To understand what information hot_standby_feedback
actually relays, we must first understand how tuple versioning works in Postgres. Every tuple in Postgres has two key metadata attributes: xmin
and xmax
. xmin
stores the Transaction ID (XID) of the transaction that created or inserted that specific tuple version, while xmax
stores the XID of the transaction that either updated or deleted the tuple version, effectively marking it as obsolete. When a tuple is deleted, the xmax
value is updated with the XID of the deleting transaction. Since XID are assigned sequentially, later transactions are assigned a larger number for their XID, so another way to think about xmin
is as a proxy for the tuple’s “creation time” and xmax
for its “last updated or deleted time”.
When hot_standby_feedback
is enabled, the replica will periodically communicate the smallest xmin
(oldest “creation time”) that any of its active queries is currently pinned to. This xmin
identifies the oldest tuple still in use on the standby.
Armed with this information, the primary can make smarter decisions about when to permit cleanup operations (i.e. VACUUMs). If it sees that a standby query is still operating on a tuple that would otherwise be considered “dead,” it can defer cleanup until that query has finished.
Final Thoughts
Even with the help of hot_standby_feedback
, standby servers are fundamentally at the mercy of the WAL to provide instructions that are safe to execute in the order and moment they are received. The tension between the local incentives and global requirements is just one challenging dimension of the difficulty in achieving full replication safety in a distributed Postgres system.

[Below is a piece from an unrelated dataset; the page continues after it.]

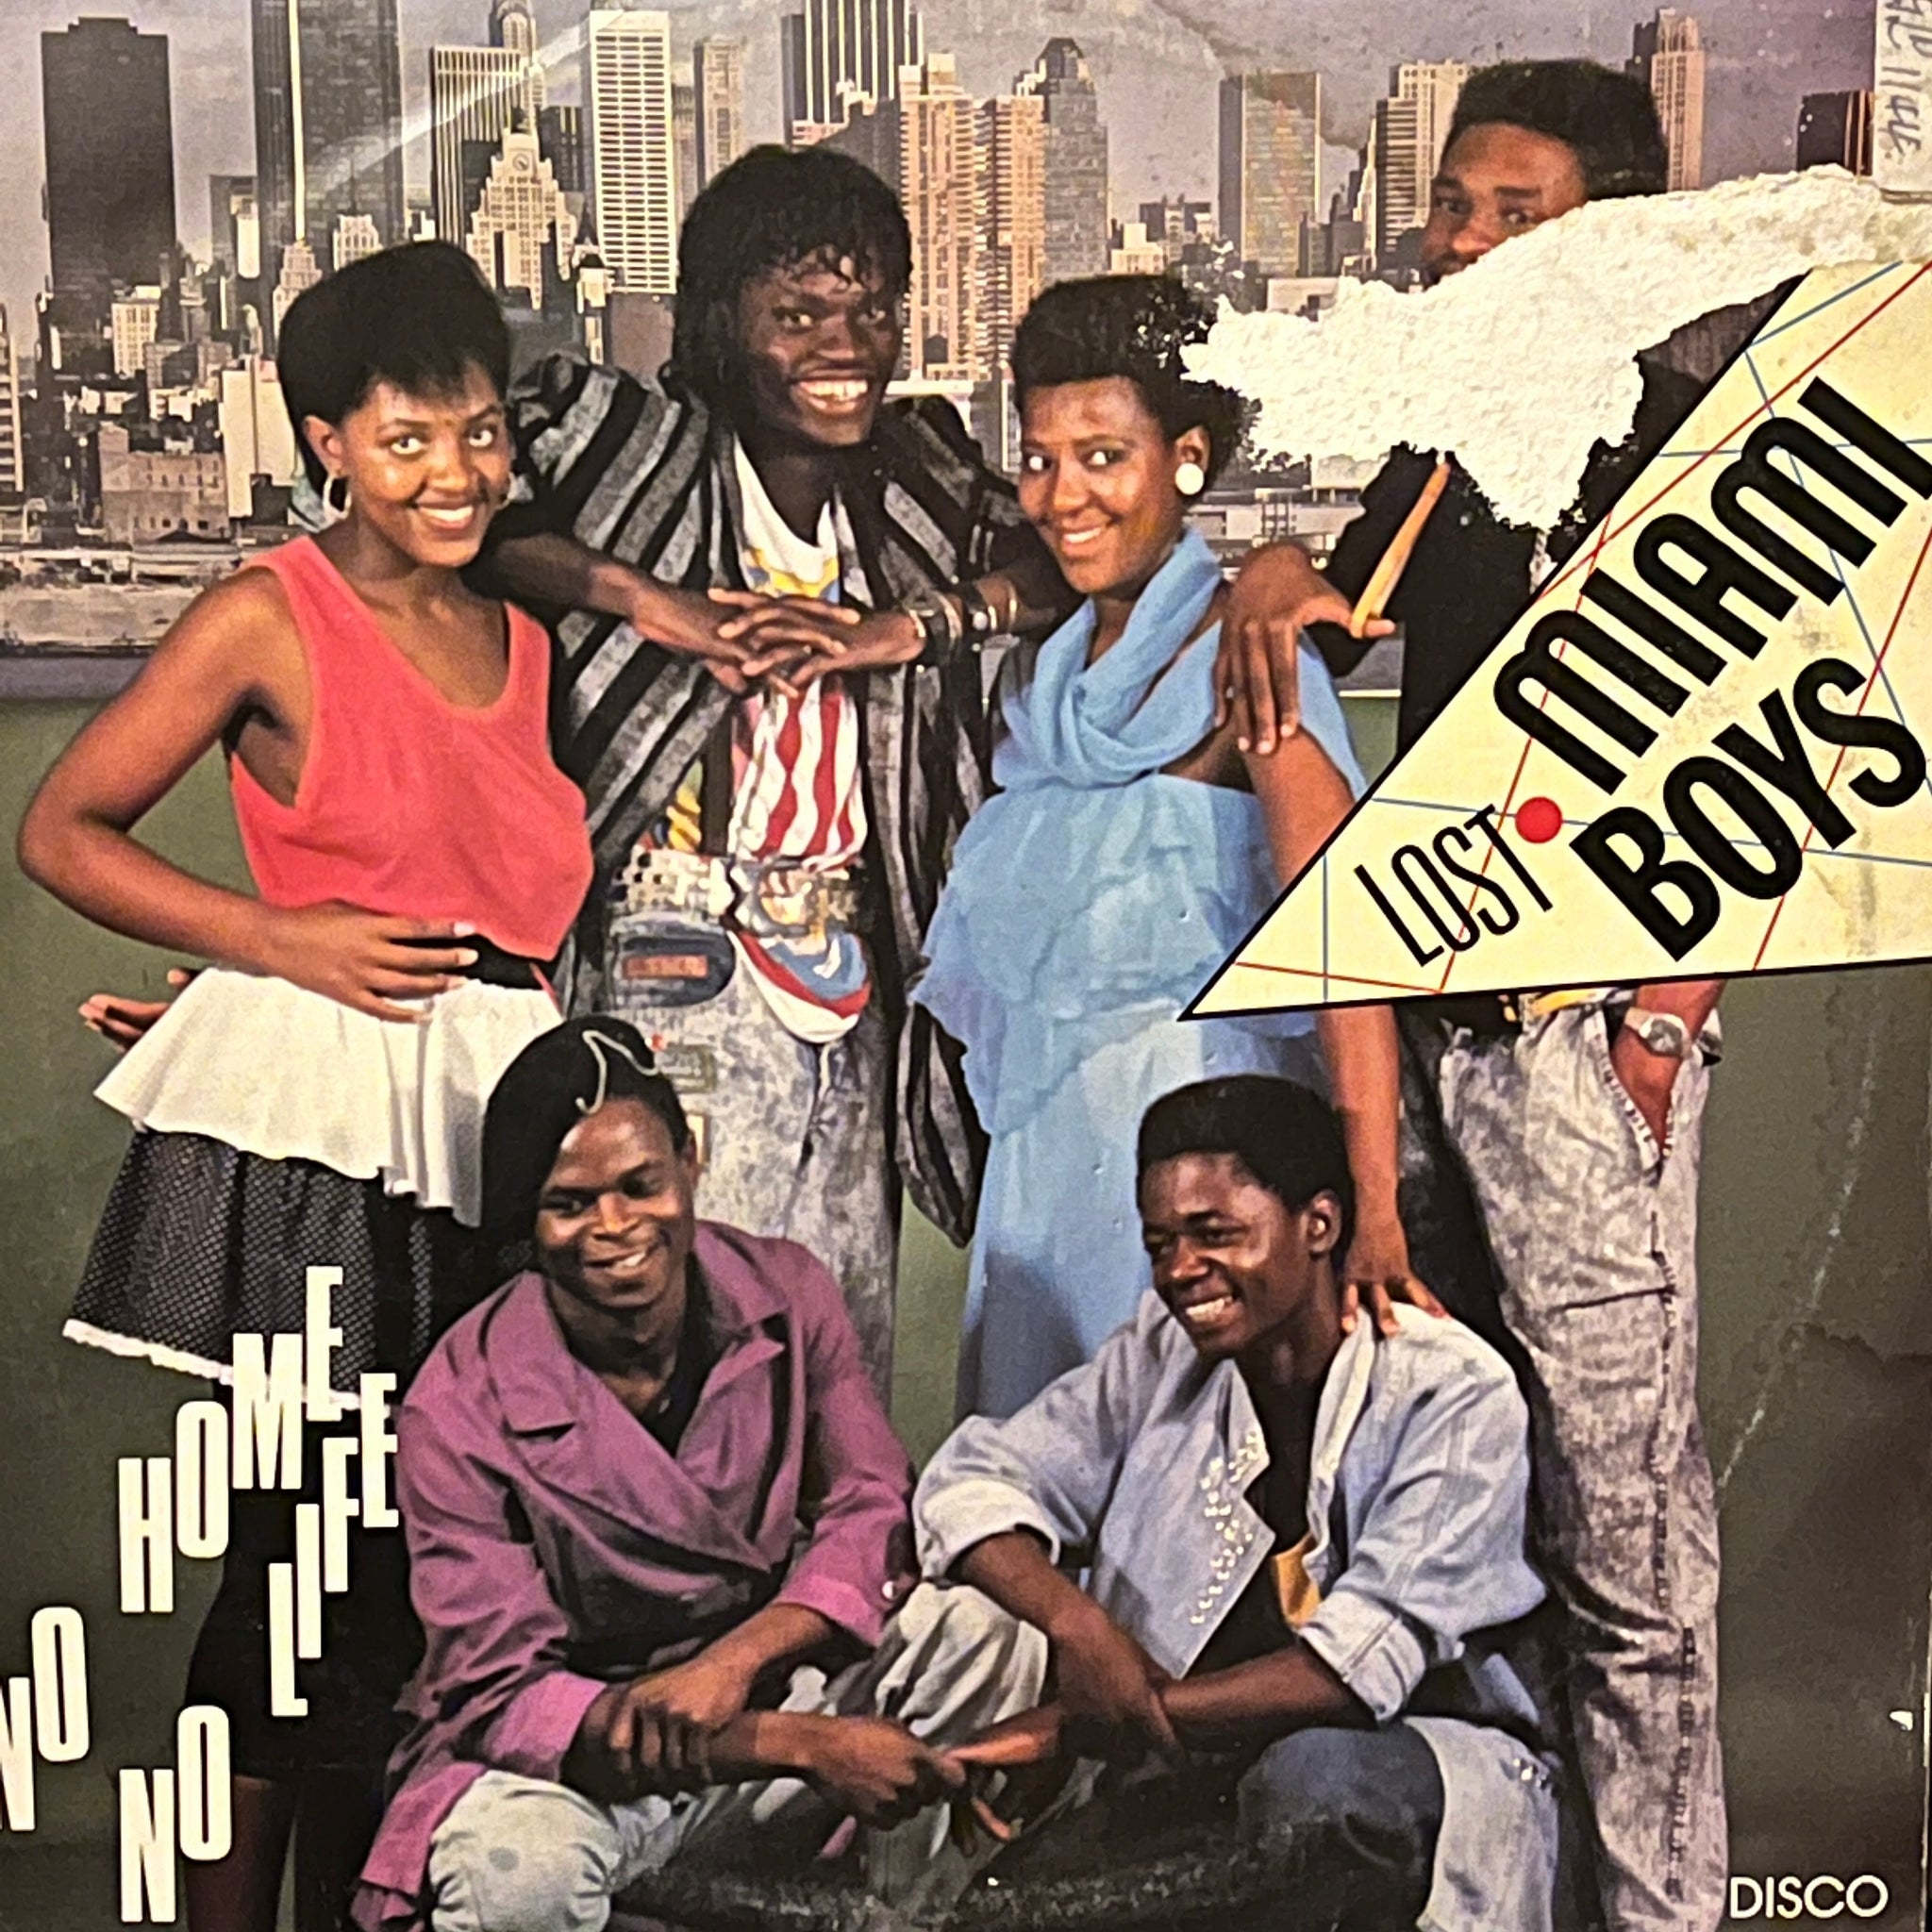 Lost Miami Boys – No Home No Life

To achieve both physical and logical consistency, pg_search
implements an atomically logged LSM tree, and to achieve logical consistency, we rely on hot_standby_feedback
.
This challenge was worth tackling because it enables the fastest possible search performance, without sacrificing consistency. To see it in action, check out our documentation or our open source project!
Physical and logical consistency are also referred to as structural integrity and transactional consistency.